To aid in these lawsuits, the Center for Technical Support of the Judiciary (Núcleo de Apoio Técnico do Poder Judiciário, NAT-Jus, in Portuguese) was created. It integrates the judiciary system with relevant health institutions, aiming to help the judges in scientific matters. Since 2019, it has released over 50 thousand technical notes (TNs) based on individual lawsuits (77% regarding medications, 18%, procedures, and 5%, health products).[2] These TNs are scientific documents formulated by technicians from the supporting staff of the Judiciary system, and they aim to answer specific questions about the potential benefits of a technology for a clinical condition in an individual case.

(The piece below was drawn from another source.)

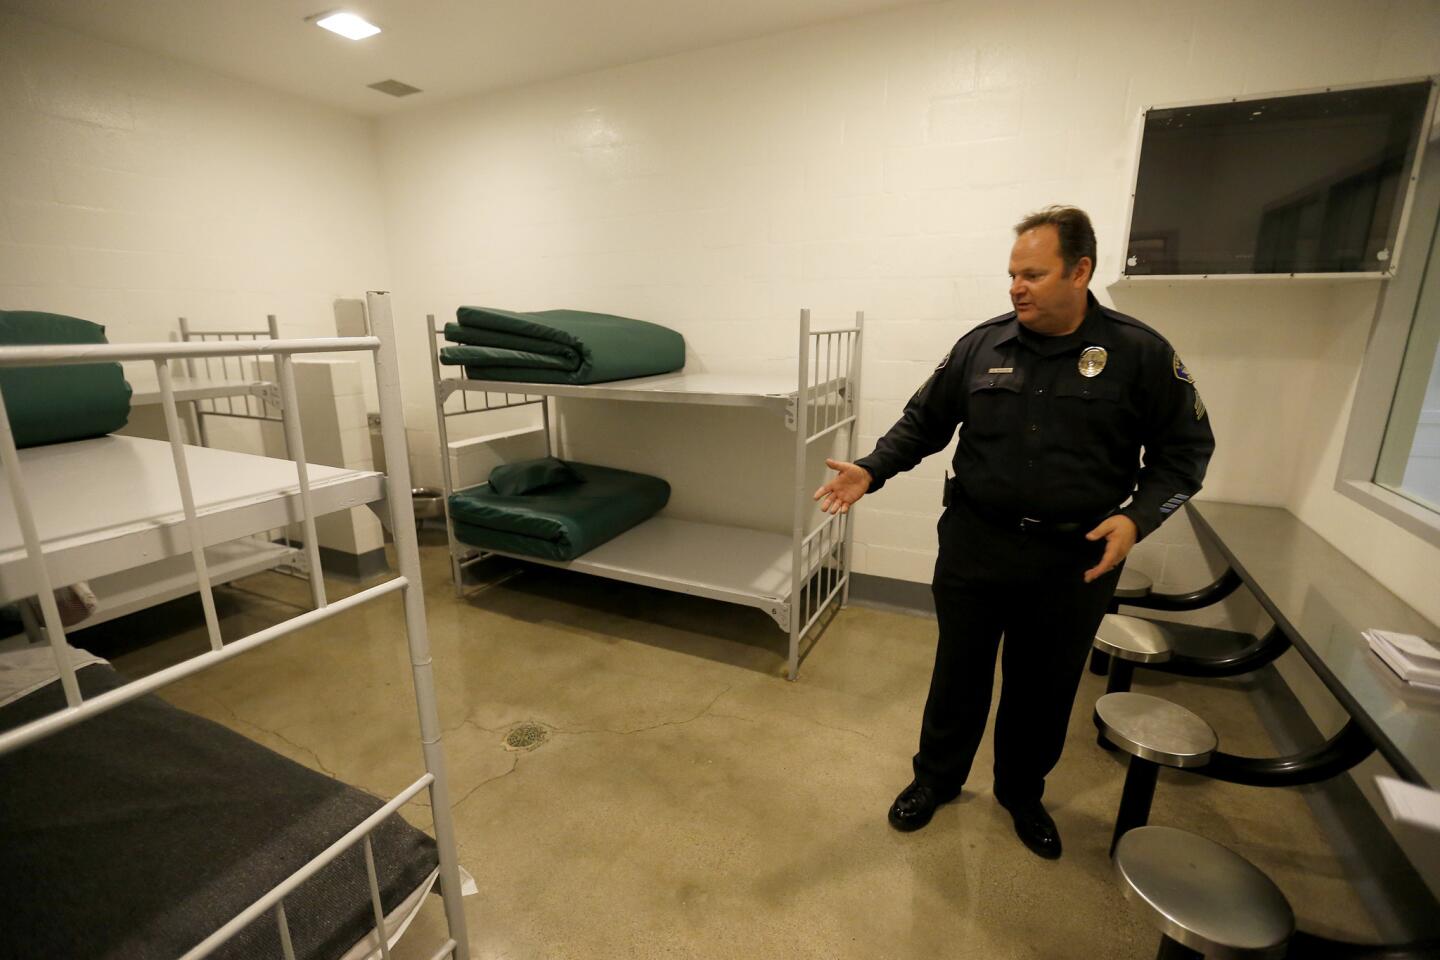 Pay-to-stay jails

Currently, there are several challenges in SUS for patients treated for bladder cancer. Waiting times in most public hospitals are long.[3] [4] For non-muscle-invasive bladder cancer (NMIBC), cystoscopies and surgeries are often required, as well as adjunctive treatments. There have been shortages of the Bacillus Calmette-Guerin (BCG) vaccine, the first-line treatment for NMIBC. Topical chemotherapies, the second option for NMIBC, are not widely available.[5] Robotic surgery has also demonstrated benefits for radical cystectomy in muscle-invasive bladder cancer (MIBC), but it is not available in most public hospitals.[6] Additionally, there have been great advances in the treatment of metastatic disease. Several immuno-oncology (IO) therapeutic agents have demonstrated benefits in terms of improving survival.[7] [8] [9] Antibody-drug conjugates (ADCs) and targeted therapies (TTs) have also been included in the armamentarium of bladder cancer treatment throughout the world and in the private setting in Brazil.[10] [11] [12] However, in the public setting, these treatments are not granted, and patients can only be treated with chemotherapy.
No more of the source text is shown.